- _HOW TO COMPLETE THIS TASK_: Go through the data below and return each line where the string "MODE" occurs.

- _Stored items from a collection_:
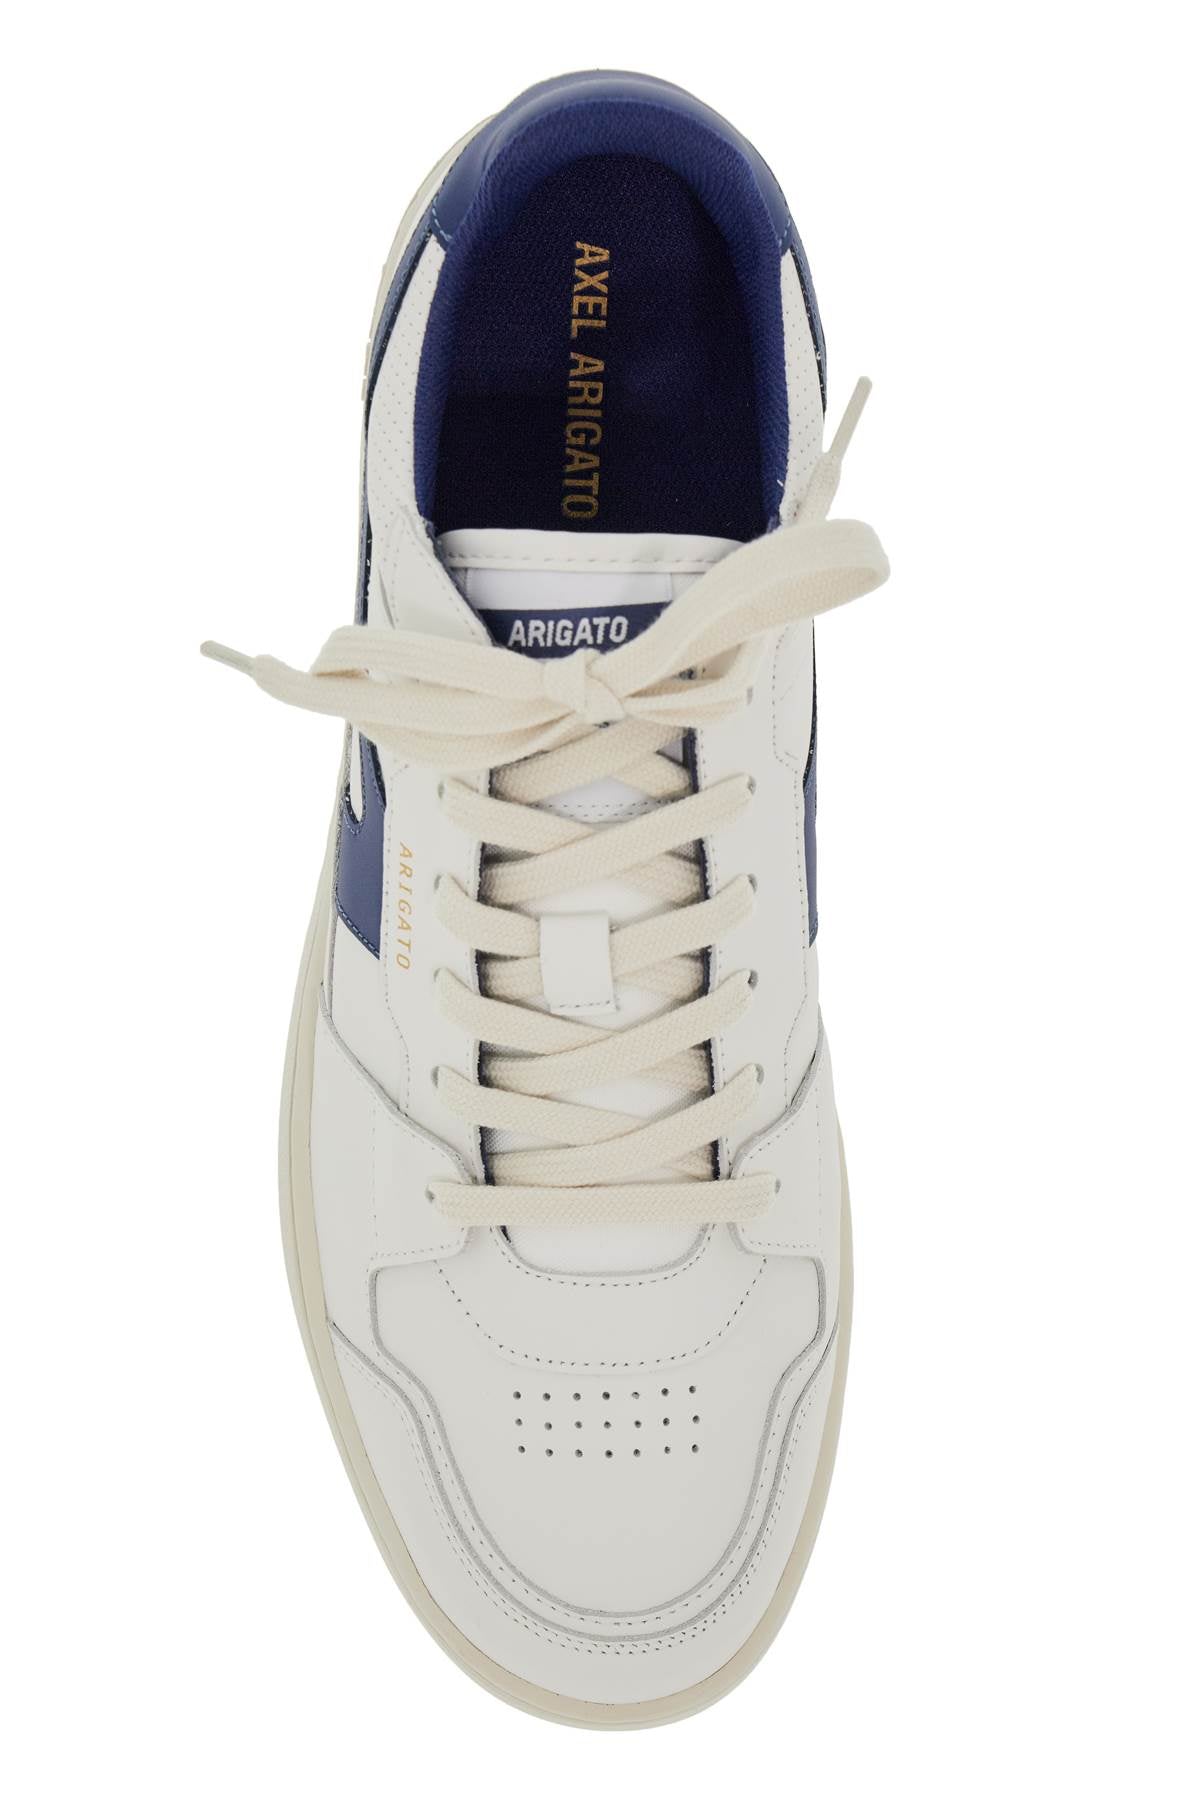 Axel Arigato Sneakers Dice   White
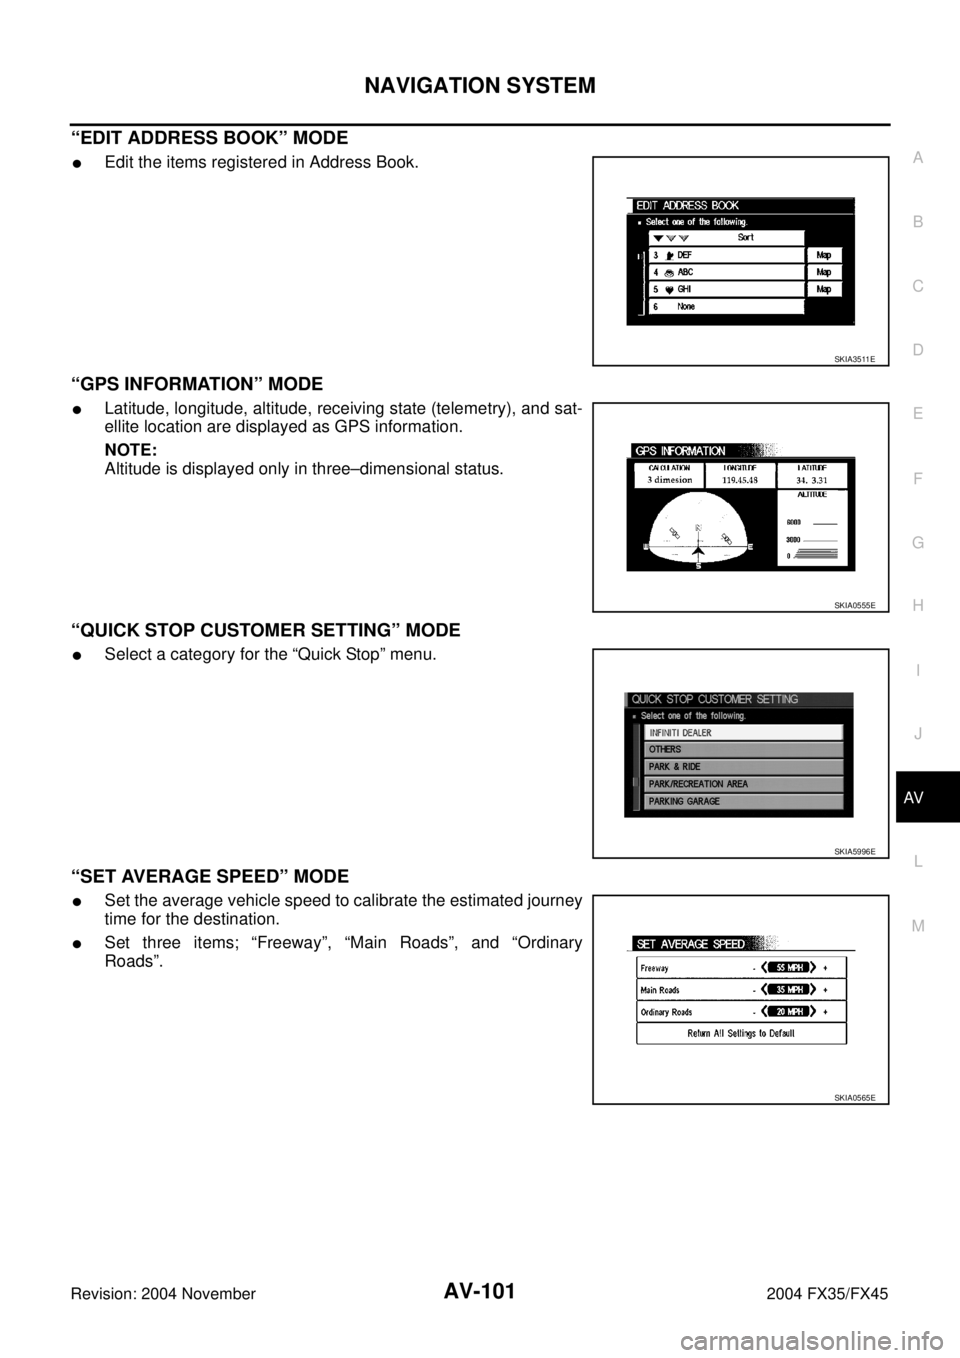 INFINITI FX35 2004  Service Manual NAVIGATION SYSTEM
AV-101
C
D
E
F
G
H
I
J
L
MA
B
AV
Revision: 2004 November 2004 FX35/FX45
“EDIT ADDRESS BOOK” MODE
Edit the items registered in Address Book.
“GPS INFORMATION” MODE
Latitude,
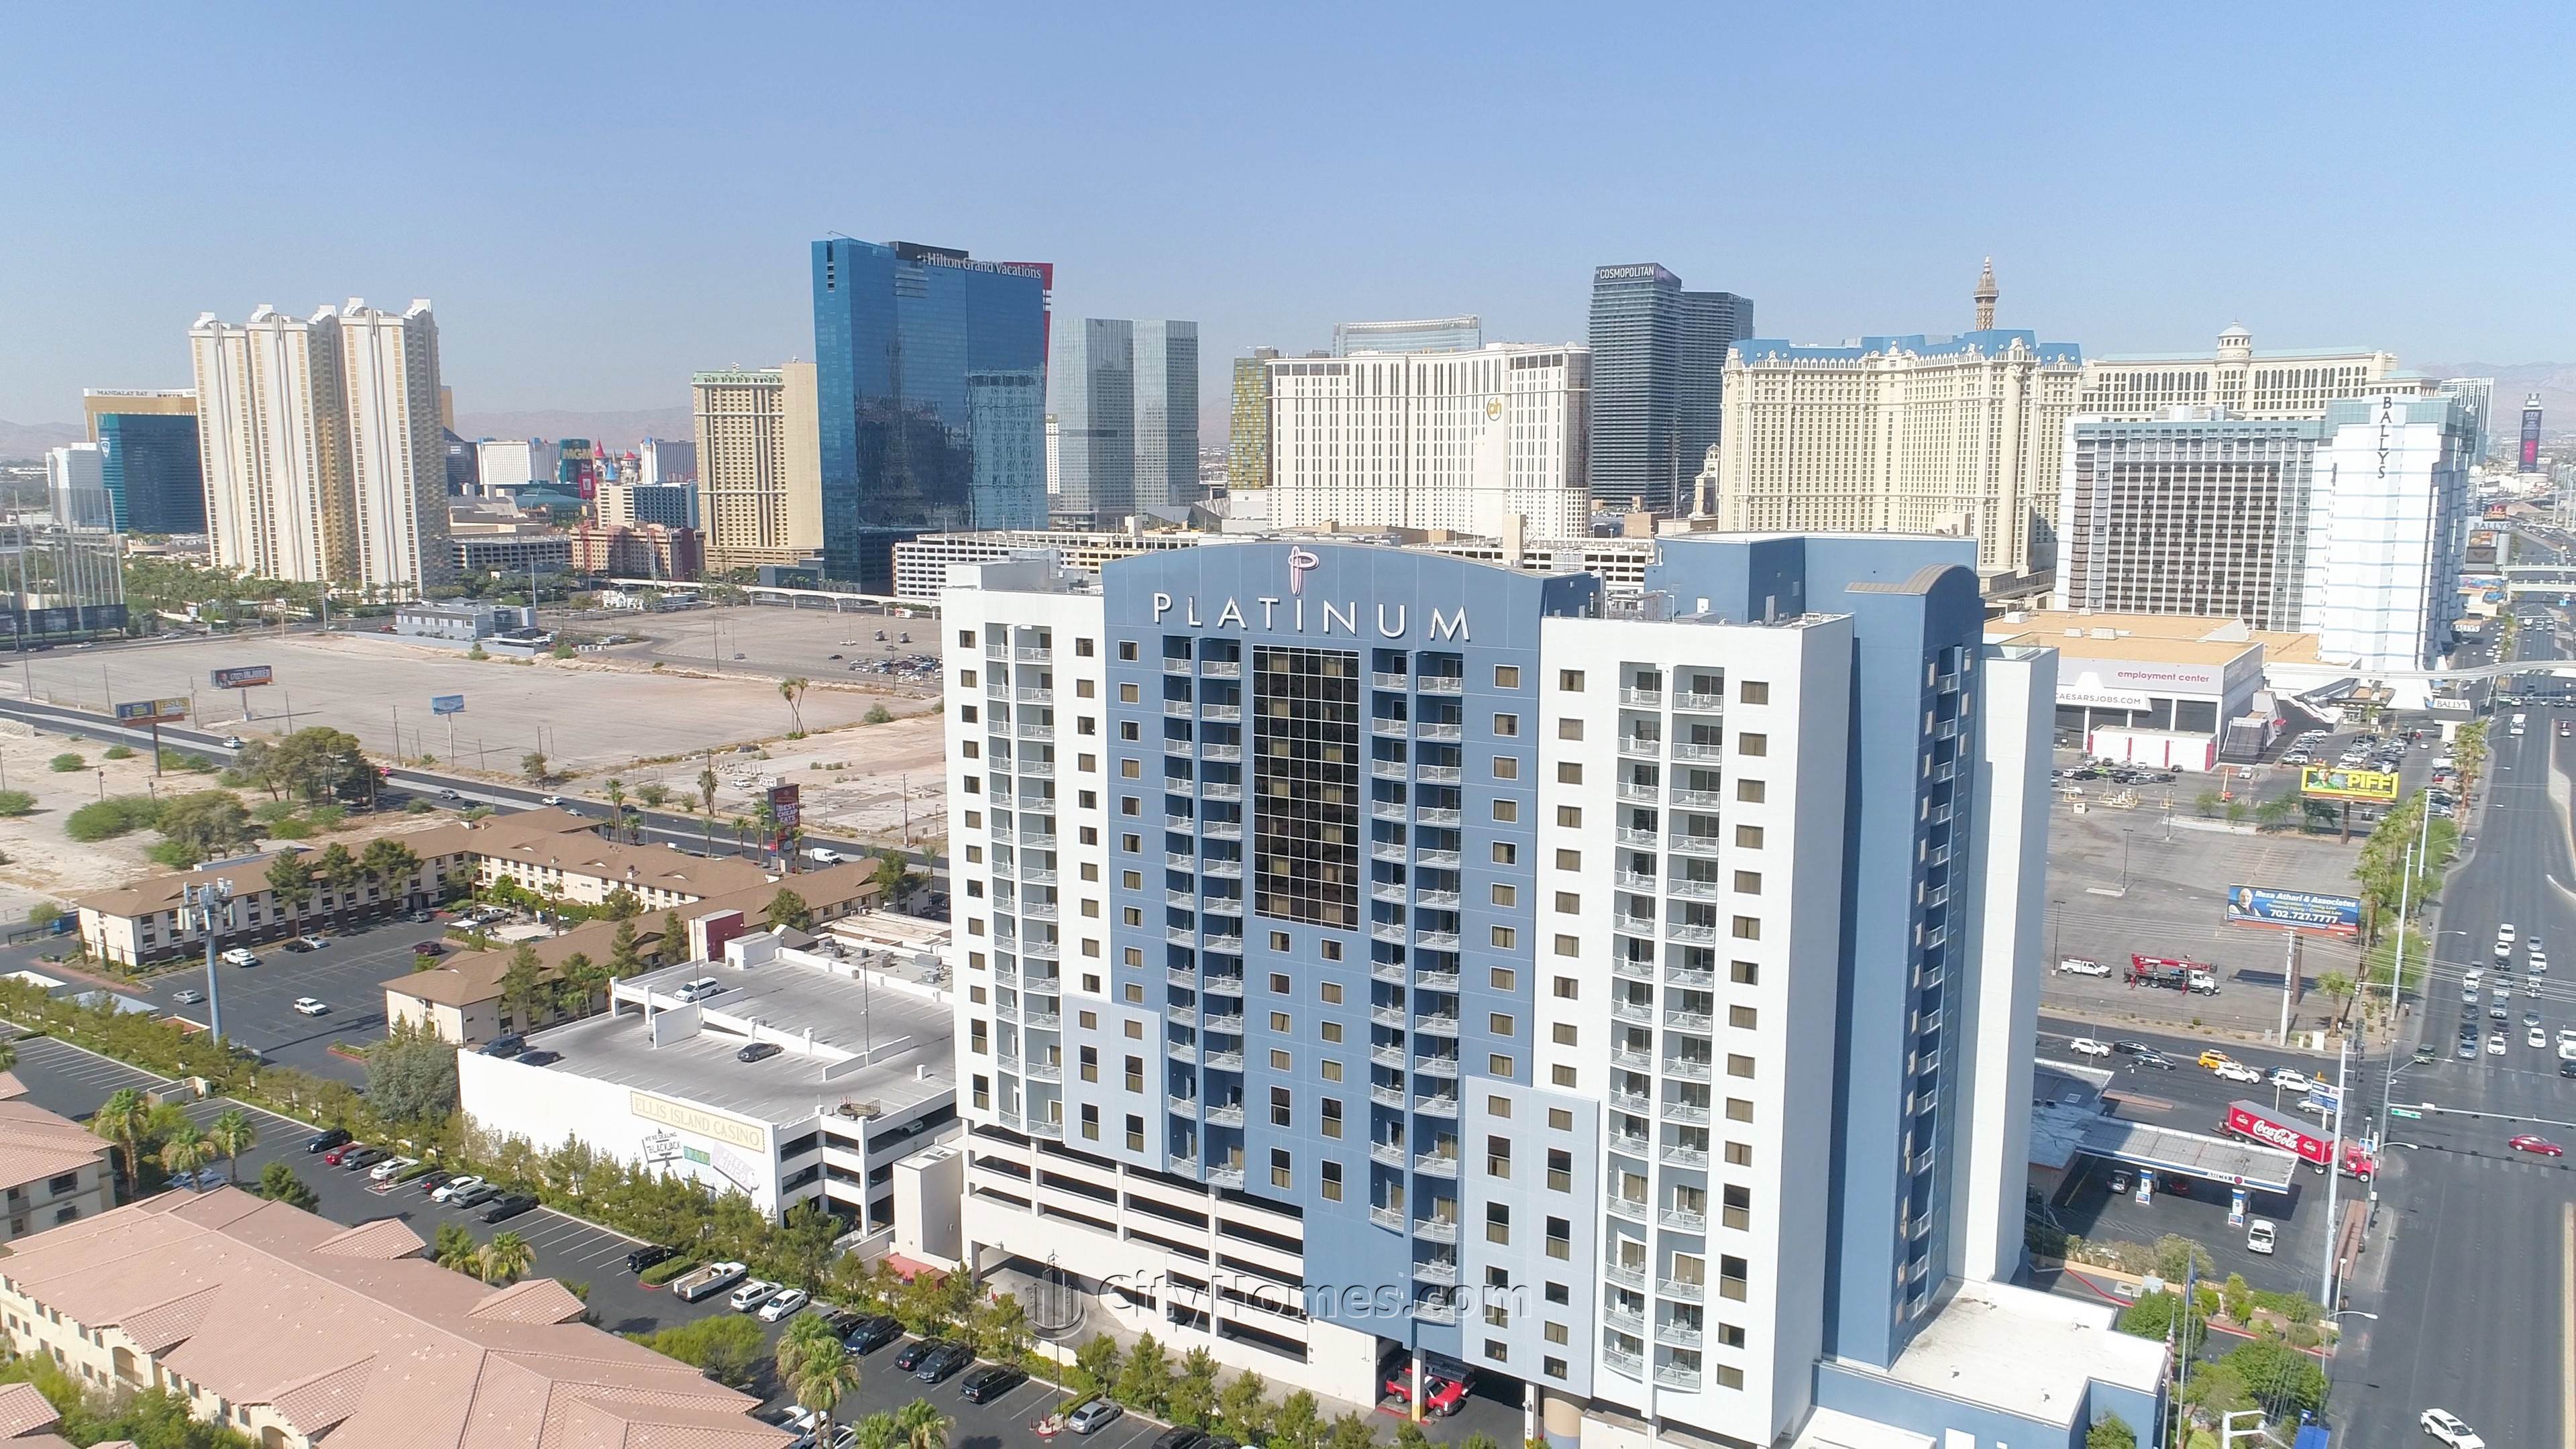 6. Platinum Resort building at 211 E Flamingo Road, Paradise, Las Vegas, NV 89169

- _WRITTEN RESPONSE_:
“EDIT ADDRESS BOOK” MODE
“GPS INFORMATION” MODE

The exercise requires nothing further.